Dataset content:
========================================
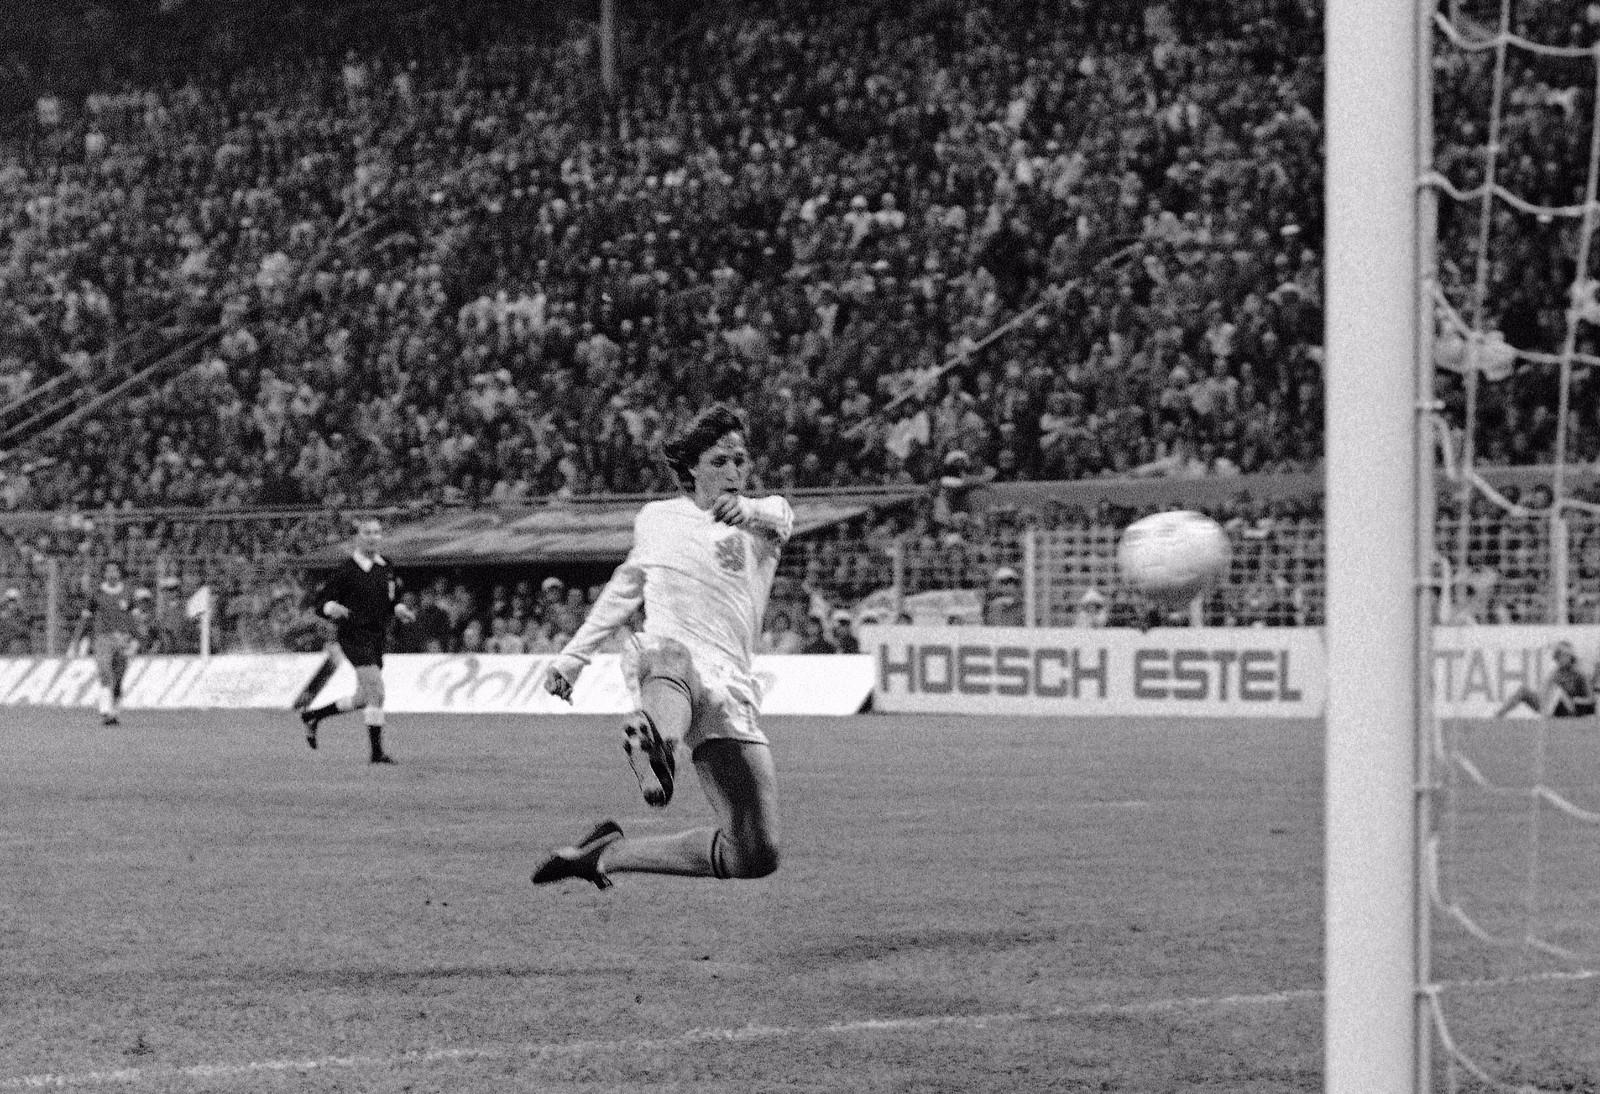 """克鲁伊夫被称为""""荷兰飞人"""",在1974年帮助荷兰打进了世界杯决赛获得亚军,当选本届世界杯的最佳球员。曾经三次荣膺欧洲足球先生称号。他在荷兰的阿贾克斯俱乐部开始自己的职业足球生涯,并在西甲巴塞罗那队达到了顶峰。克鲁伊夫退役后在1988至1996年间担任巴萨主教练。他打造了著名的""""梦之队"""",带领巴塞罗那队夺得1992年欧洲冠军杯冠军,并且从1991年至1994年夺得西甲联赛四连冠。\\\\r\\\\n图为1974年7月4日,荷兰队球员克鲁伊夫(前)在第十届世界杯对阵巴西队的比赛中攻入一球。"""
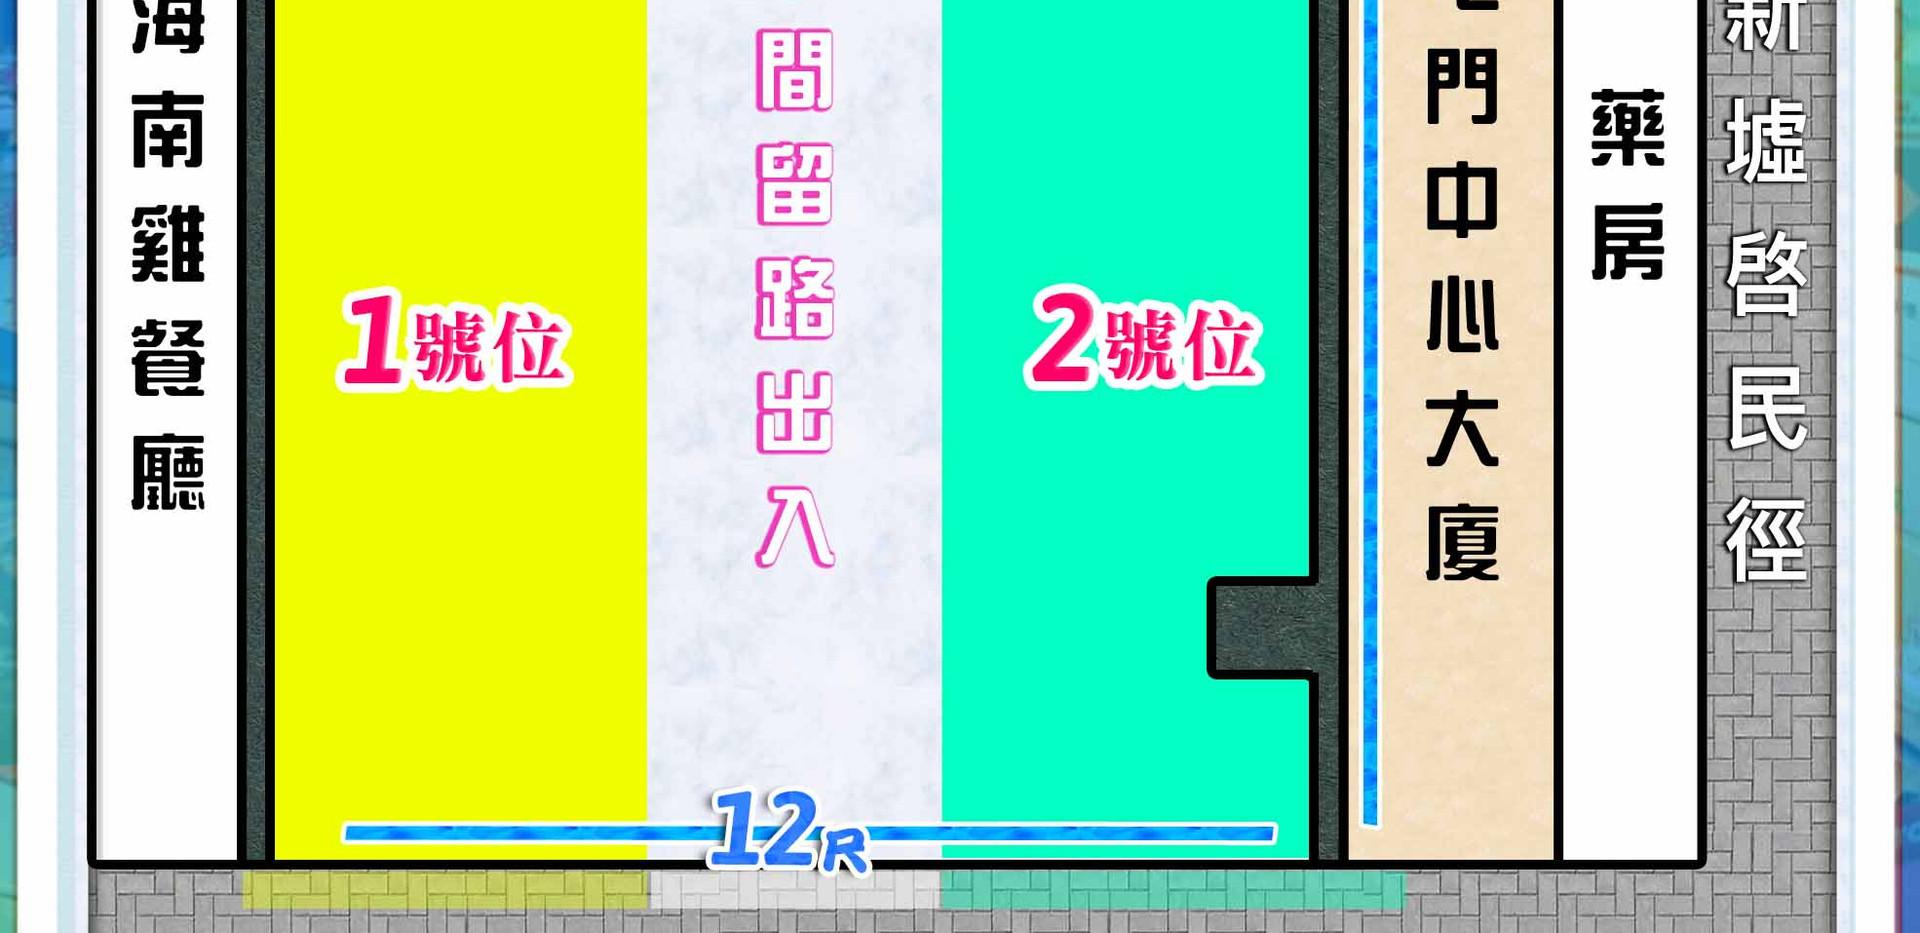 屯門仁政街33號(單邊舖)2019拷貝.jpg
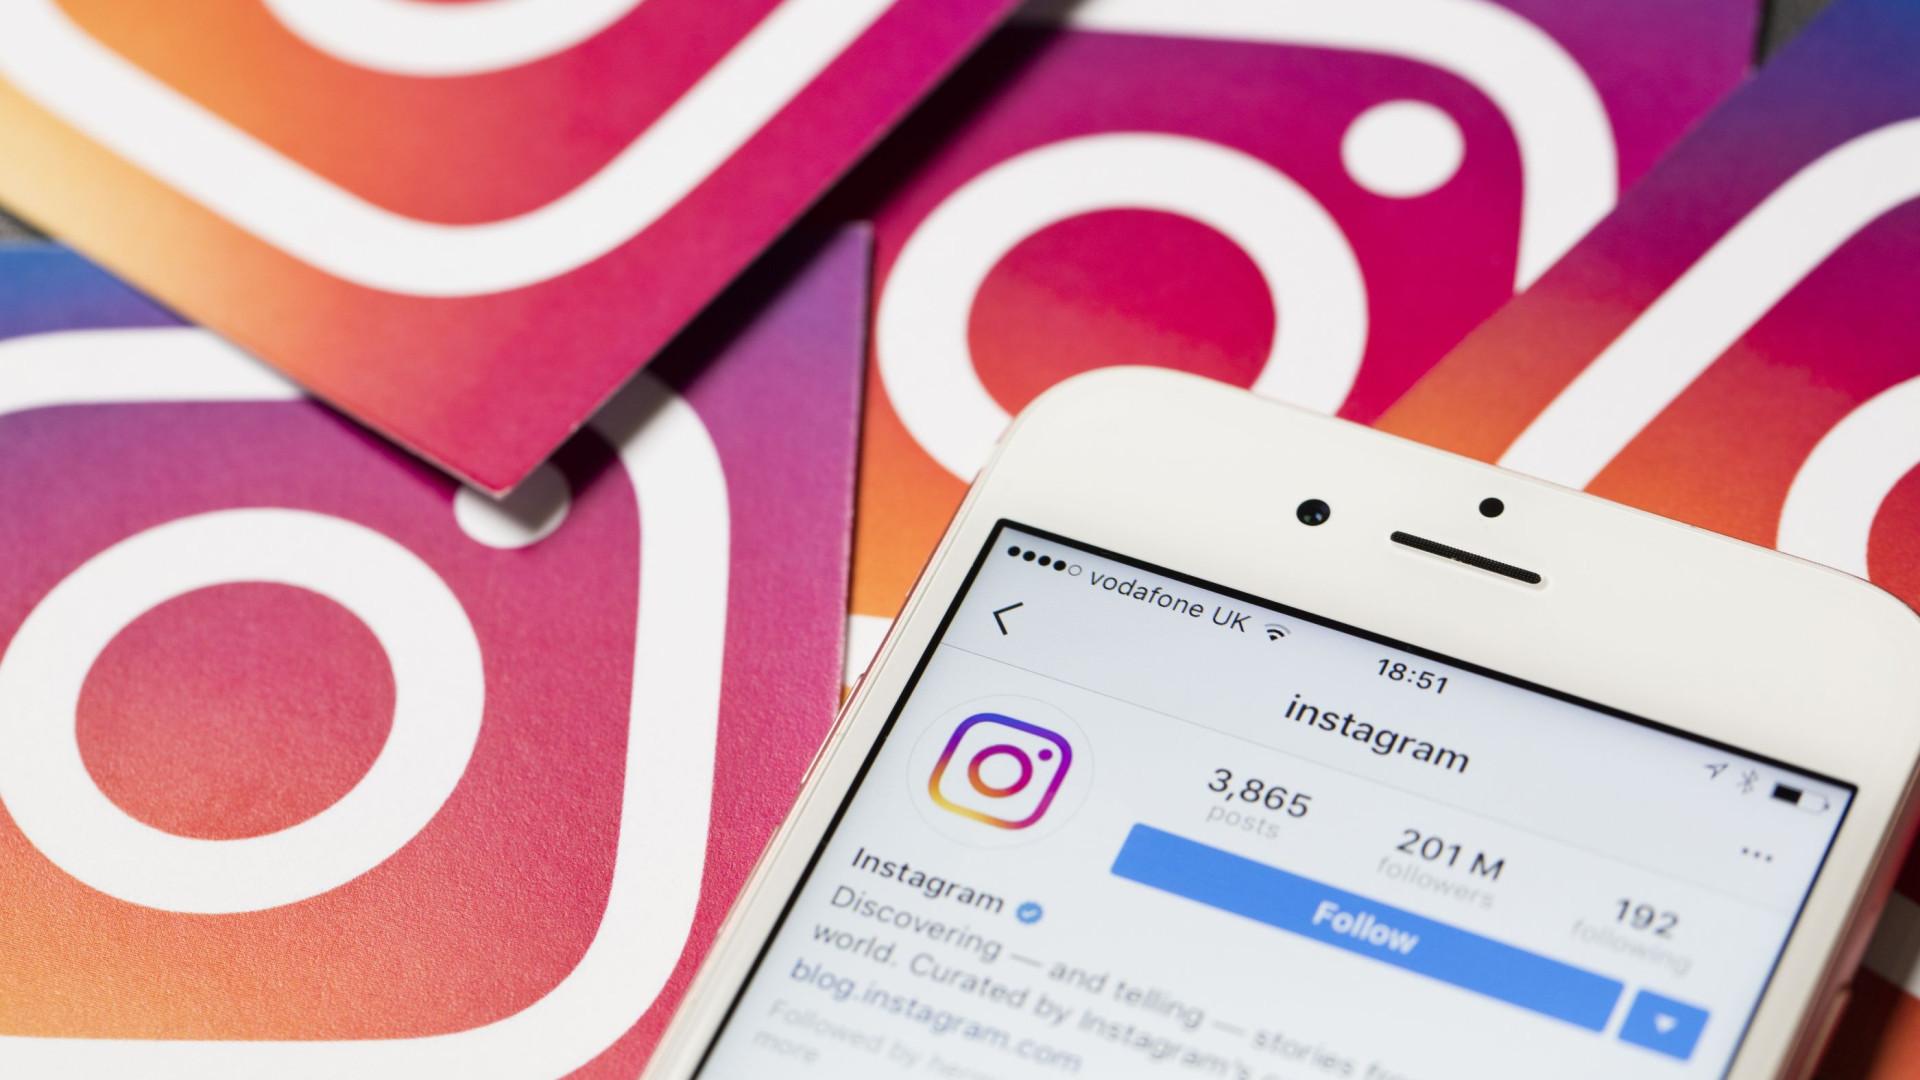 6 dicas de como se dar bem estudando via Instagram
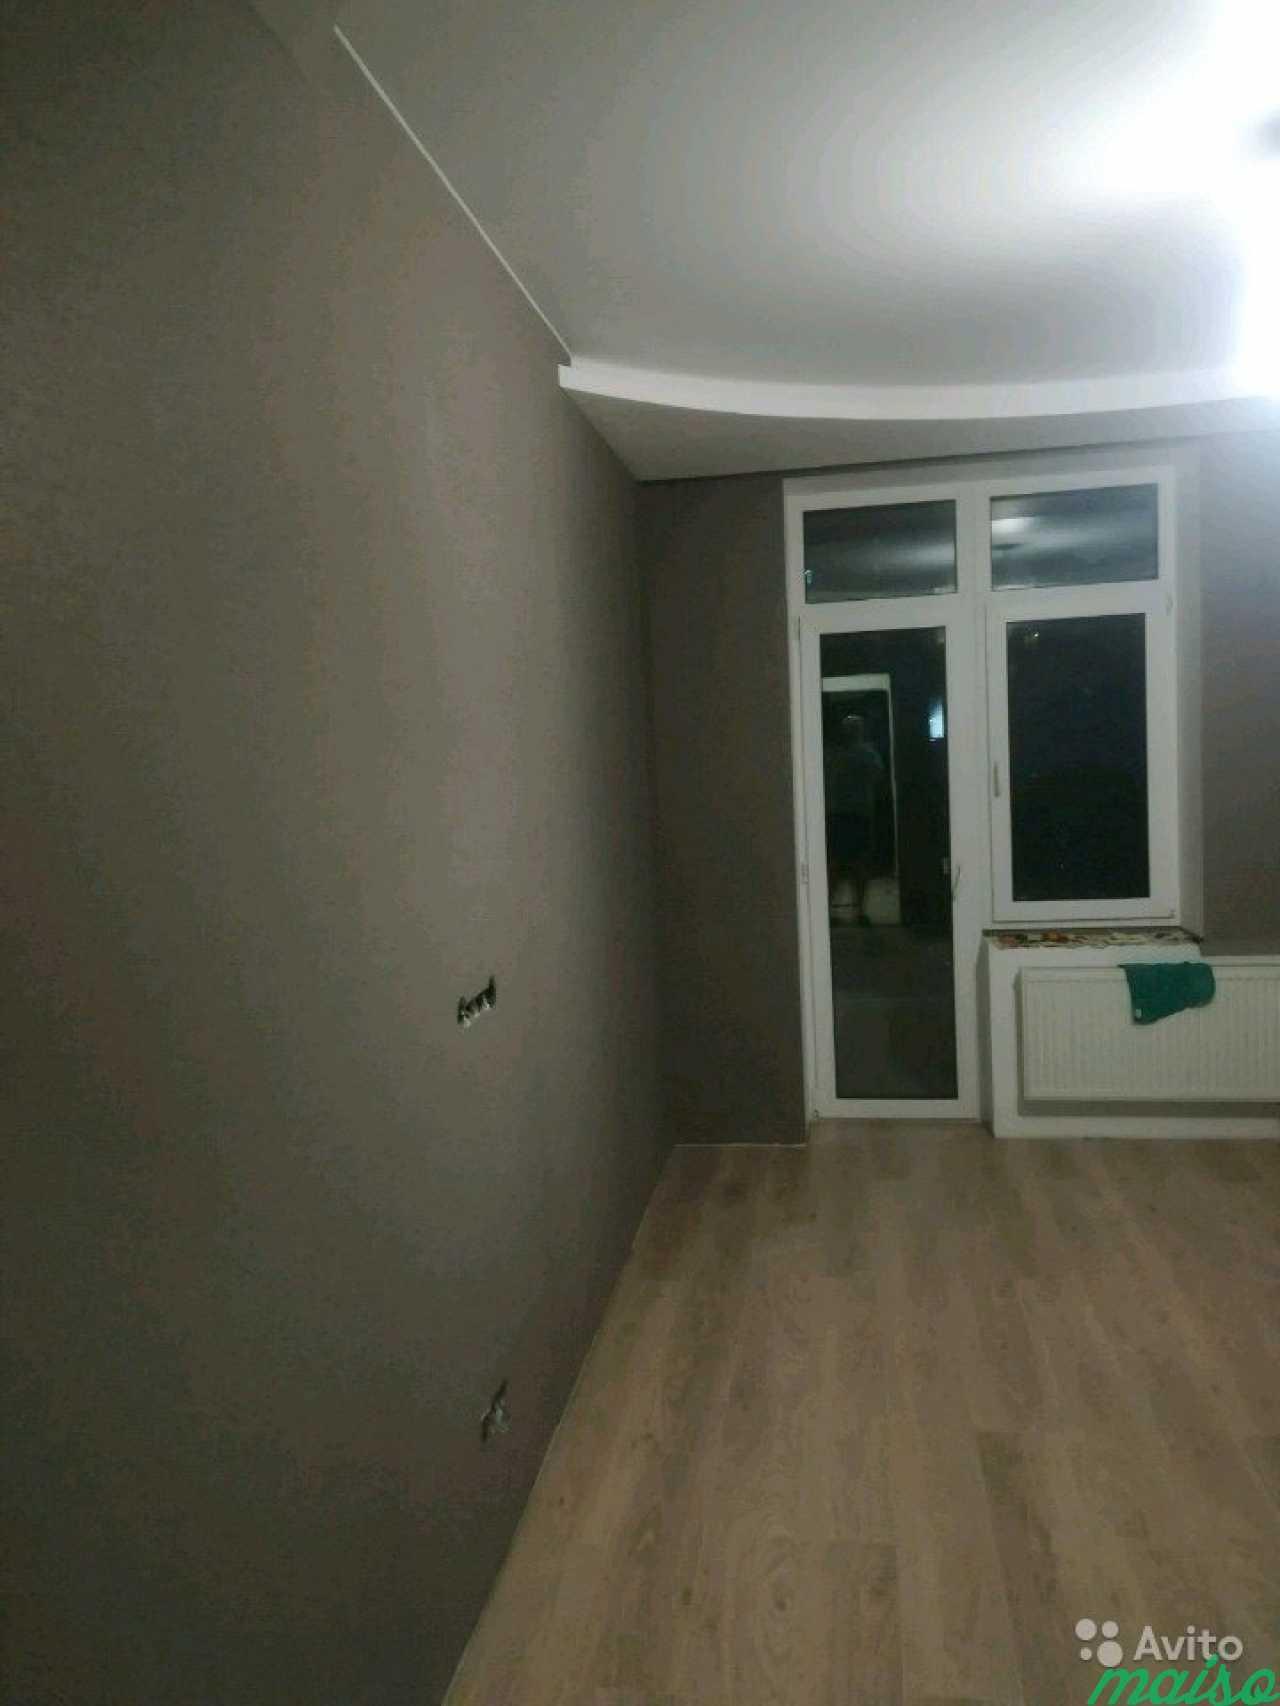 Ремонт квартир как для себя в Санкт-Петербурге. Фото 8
========================================
Aim of the task:
With pictures excluded, the data must be transcribed in full and to the letter.

Solution for this task:
 """克鲁伊夫被称为""""荷兰飞人"""",在1974年帮助荷兰打进了世界杯决赛获得亚军,当选本届世界杯的最佳球员。曾经三次荣膺欧洲足球先生称号。他在荷兰的阿贾克斯俱乐部开始自己的职业足球生涯,并在西甲巴塞罗那队达到了顶峰。克鲁伊夫退役后在1988至1996年间担任巴萨主教练。他打造了著名的""""梦之队"""",带领巴塞罗那队夺得1992年欧洲冠军杯冠军,并且从1991年至1994年夺得西甲联赛四连冠。\\\\r\\\\n图为1974年7月4日,荷兰队球员克鲁伊夫(前)在第十届世界杯对阵巴西队的比赛中攻入一球。"""
 屯門仁政街33號(單邊舖)2019拷貝.jpg
 6 dicas de como se dar bem estudando via Instagram
 Ремонт квартир как для себя в Санкт-Петербурге. Фото 8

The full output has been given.